WORK TASK: Somewhere below is a line with "Leviton Sureslide Dimmer" and, later, a line with "Table 3: BEST"; repeat those two lines and all the lines between them, exactly as they are.

DATA FOR PROCESSING:
+---+

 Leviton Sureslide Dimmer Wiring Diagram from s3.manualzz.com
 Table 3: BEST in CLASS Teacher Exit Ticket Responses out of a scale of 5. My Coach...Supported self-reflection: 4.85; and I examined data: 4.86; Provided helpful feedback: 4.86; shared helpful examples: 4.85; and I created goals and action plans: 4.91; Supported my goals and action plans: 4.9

+---+

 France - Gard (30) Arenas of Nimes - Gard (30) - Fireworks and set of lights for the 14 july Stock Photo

+---+

TASK ANSWER:
 Leviton Sureslide Dimmer Wiring Diagram from s3.manualzz.com
 Table 3: BEST in CLASS Teacher Exit Ticket Responses out of a scale of 5. My Coach...Supported self-reflection: 4.85; and I examined data: 4.86; Provided helpful feedback: 4.86; shared helpful examples: 4.85; and I created goals and action plans: 4.91; Supported my goals and action plans: 4.9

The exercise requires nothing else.